More than 420 million could live in extreme poverty by 2015, UN warns

More than 420 million could live in extreme poverty by 2015, UN warns

The number of people living on less than $1 a day could exceed 420 million by 2015 if current economic trends continue, a new report by a United Nations agency focussing on trade and development issues warns.

According to the "Least Developed Countries Report 2002: Escaping the Poverty Trap," released today by the UN Conference on Trade and Development (UNCTAD), the number of people living in extreme poverty has doubled over the past 30 years, and is currently about 307 million.

Such poverty can be dramatically slashed by simply doubling the average household living standards of the most poor, the report finds. However, international partnerships are essential if successful efforts are to be made to address poverty in least developed countries.
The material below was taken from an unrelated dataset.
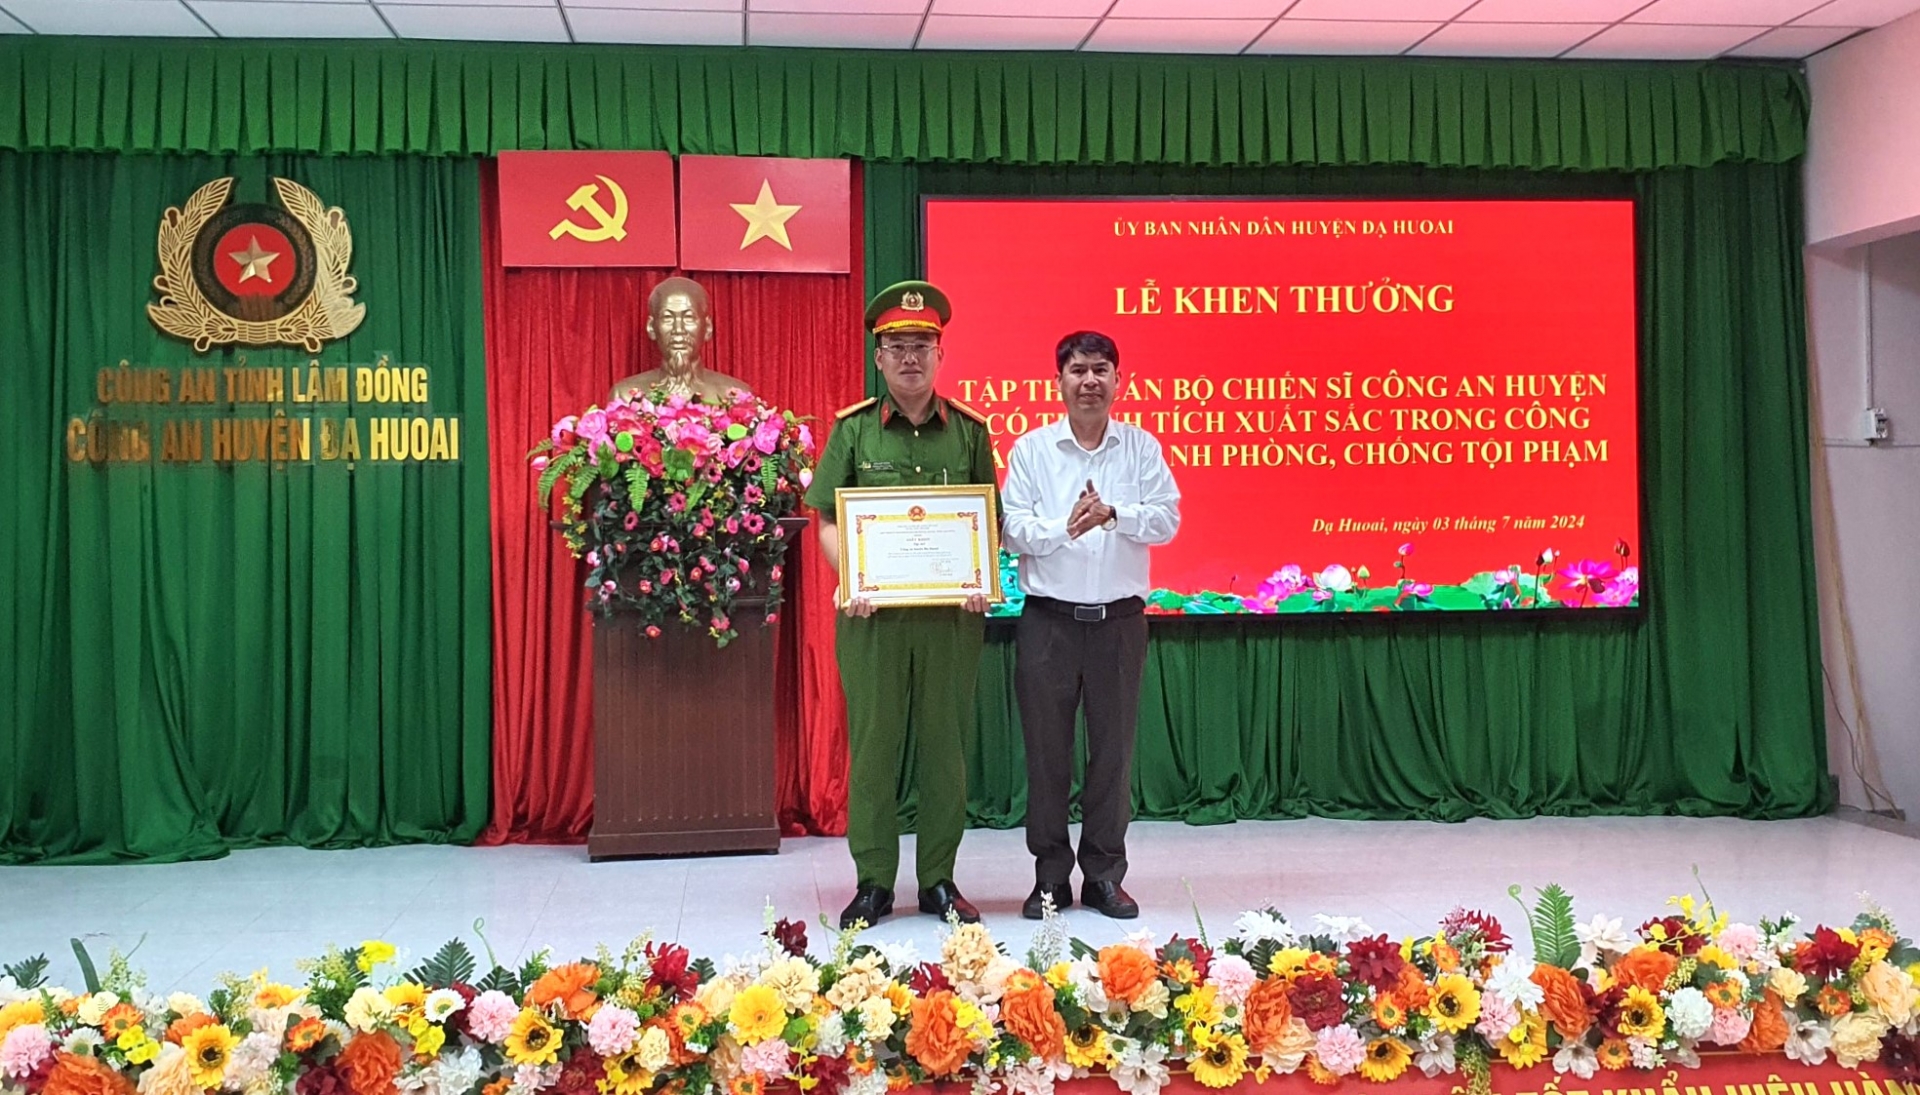 Chủ tịch UBND huyện Đạ Huoai Lê Bình Minh tặng giấy khen và thưởng nóng 10 triệu đồng cho Công an huyện Đạ Huoai đã có thành tích phá xanh vụ án giết người

"Too many impoverished countries are stuck in a trap of poverty that they will not get out of through their own resources," Jeffrey D. Sachs, UN Secretary-General Kofi Annan's Special Advisor on the Millennium Development Goals, explained at a press conference yesterday to launch the UNCTAD report at UN Headquarters in New York.

"And unless there is truly international partnership, of the kind that we profess but don't always act upon, the natural dynamics of international market forces underway will not relieve the mass suffering experienced by hundreds of millions of people," he added.

Joining Mr. Sachs at the press conference was Anwarul K. Chowdhury, the UN High Representative for the Least Developed Countries, Landlocked Developing Countries and Small Island Developing States. He said that the timing of the report's release was particularly significant because of its proximity to the summit of the Group of Eight richest and most powerful countries, scheduled for 26-27 June in Kananaskis, Canada.

As that meeting would be focusing on Africa's development, the analysis in the report on Africa's least developed countries would be important to participants, Mr. Chowdhury noted.